Hello everyone. Thank you for the invitation to join you today.

It’s safe to say that 2020 has been a year to remember. Twelve months ago, we were in the midst of the longest economic expansion in U.S. history. Unemployment sat near historic lows, wages and incomes were rising, and inflation was moving gradually back toward our 2 percent target.

Then COVID-19 hit our shores. And our fortunes changed almost overnight. To date, more than 250,000 Americans have died and countless others have been sick. People have lost jobs, businesses, and livelihoods, and the burden has fallen most harshly on those least able to bear it. This is an enormous human toll.

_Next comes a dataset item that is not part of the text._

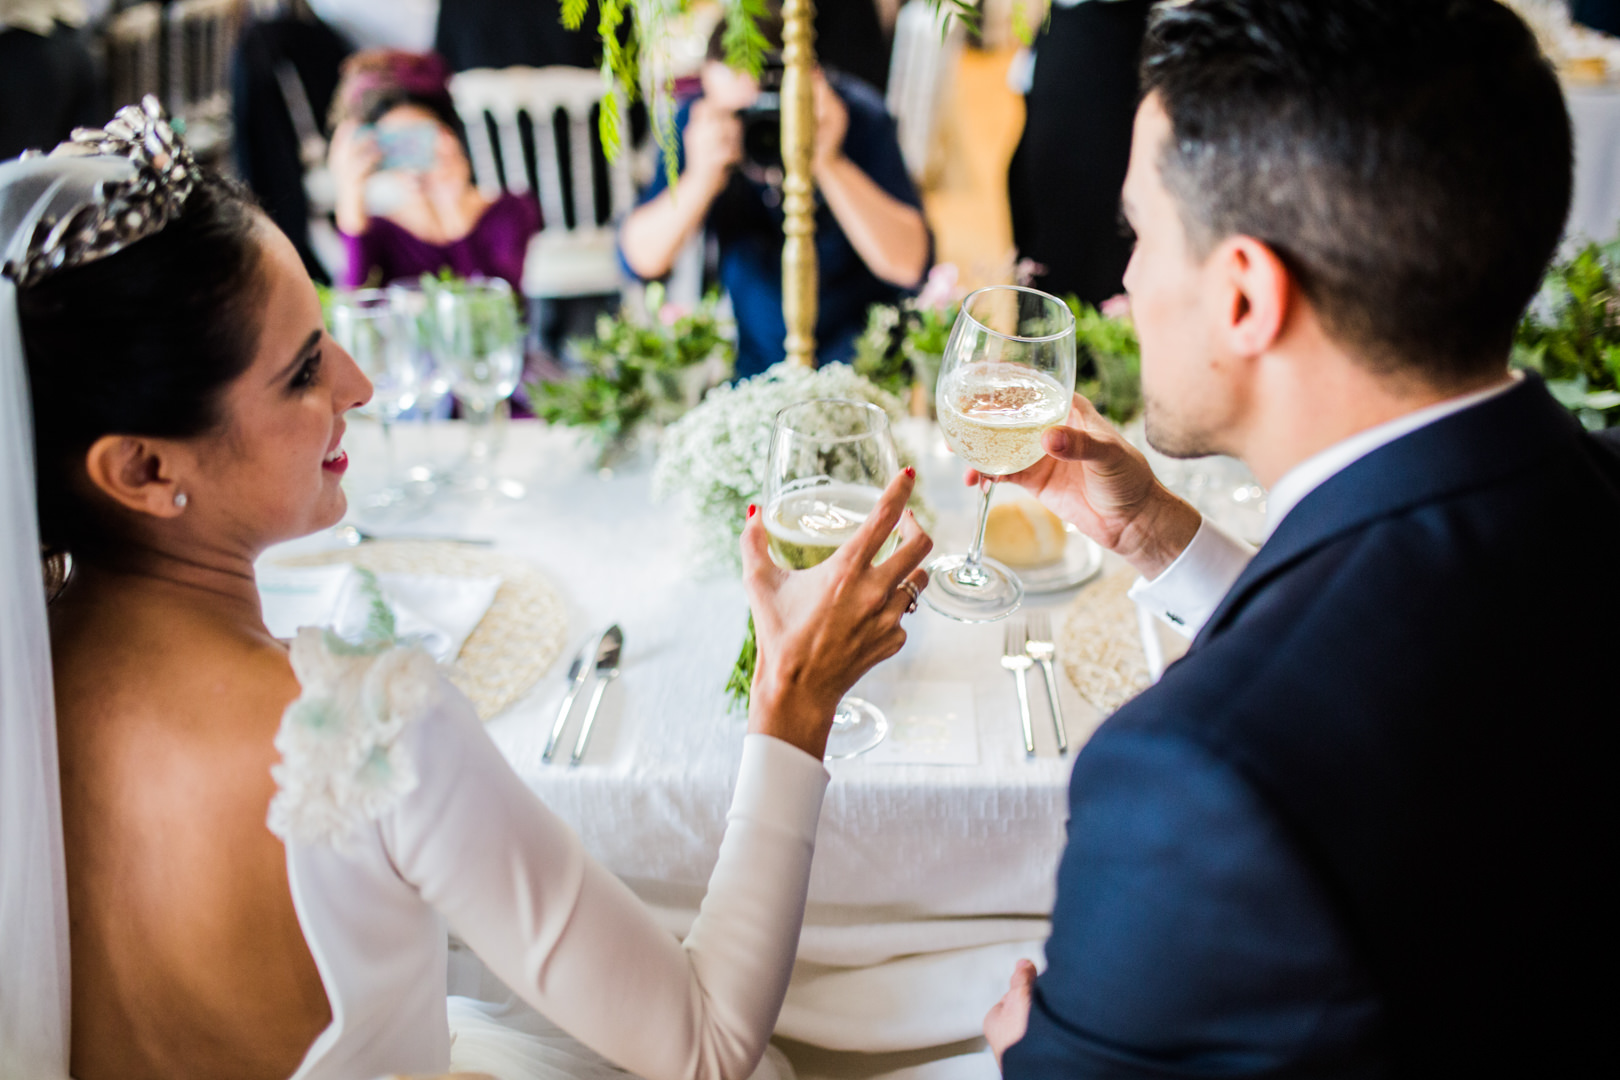 Boda-sevilla-Wedding-engagement-Rafael-Torres-fotografo-bodas-sevilla-madrid-barcelona-wedding-photographer--58.jpg

Although we’ve retraced some of the initial economic losses, the economy remains far below the levels of employment and output we had prior to COVID-19. And coronavirus cases are once again surging.

So today, I will discuss two important questions. What lessons should we take from this difficult year? And what priorities should we focus on in 2021?

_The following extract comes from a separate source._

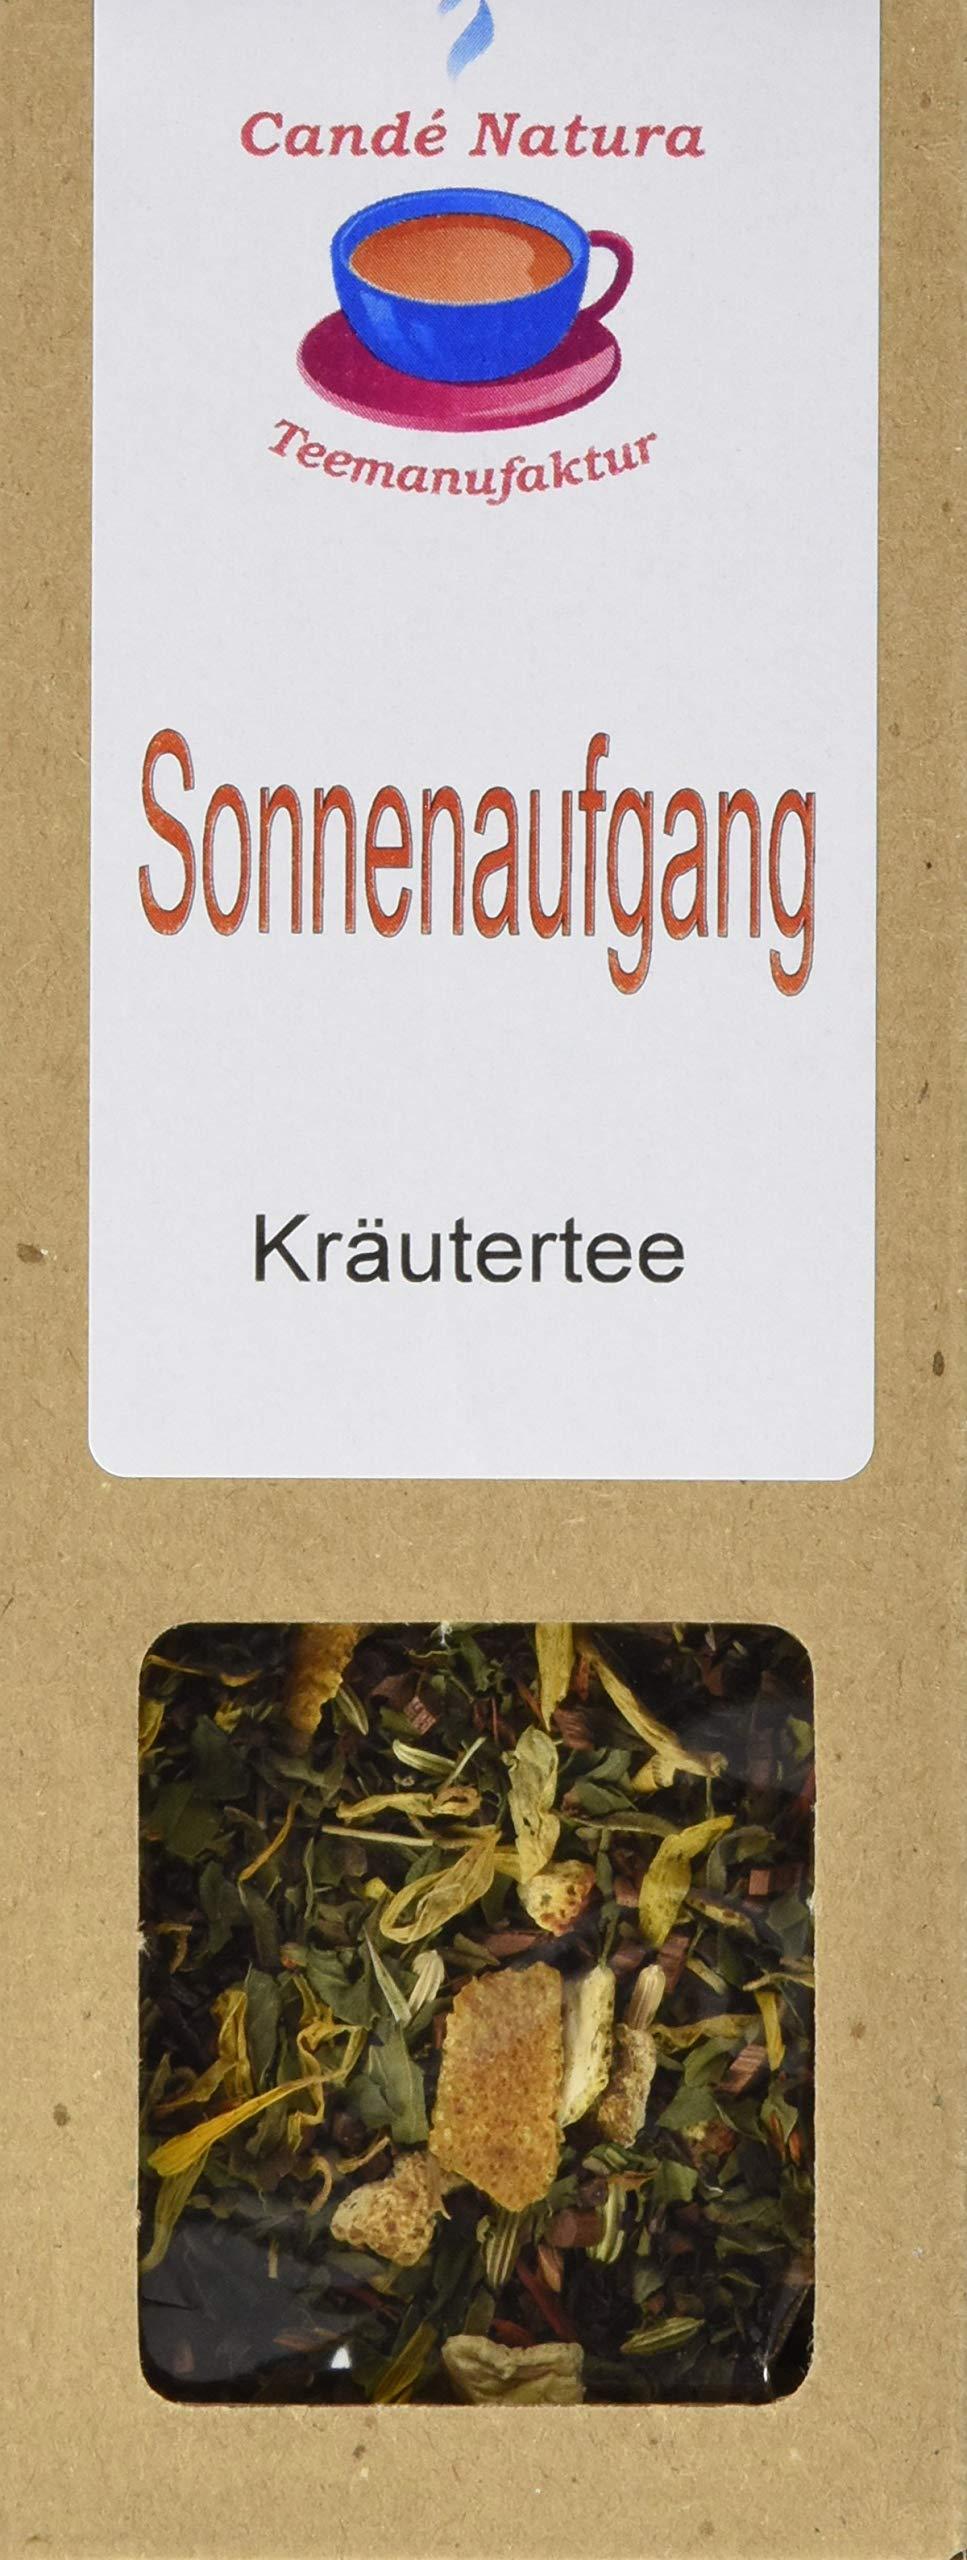 Cand-Natura-Teemanufaktur-Sonnenaufgang-Kruterteemischung-5er-Pack-5-x-71-g

But let me first remind you that the remarks I’m delivering today are my own, and do not necessarily reflect the views of anyone else within the Federal Reserve System.

2020 lessons

Let’s begin by considering the lessons learned from 2020. There are many, but I will focus on those related to the economy and how it functions. Lessons that can help us build a more prosperous and resilient future.

The first lesson is that we are all interconnected. Our fates are tied together — as individuals, as communities, as states, and as a nation.

COVID-19 has exposed this connectivity in stark relief. I think about my own community, Oakland, California. So many businesses in my neighborhood have had to shutter to fight the virus. Without income, these businesses haven’t been able to pay their rent. This has passed through to landlords, who’ve then had trouble paying the mortgages on the buildings they own. This then spilled onto banks, who had to cover the forbearance or loss, leaving them with fewer funds to lend to other businesses looking for a lifeline. And on and on it goes. The circular flow we all learned about in Economics 101 is real.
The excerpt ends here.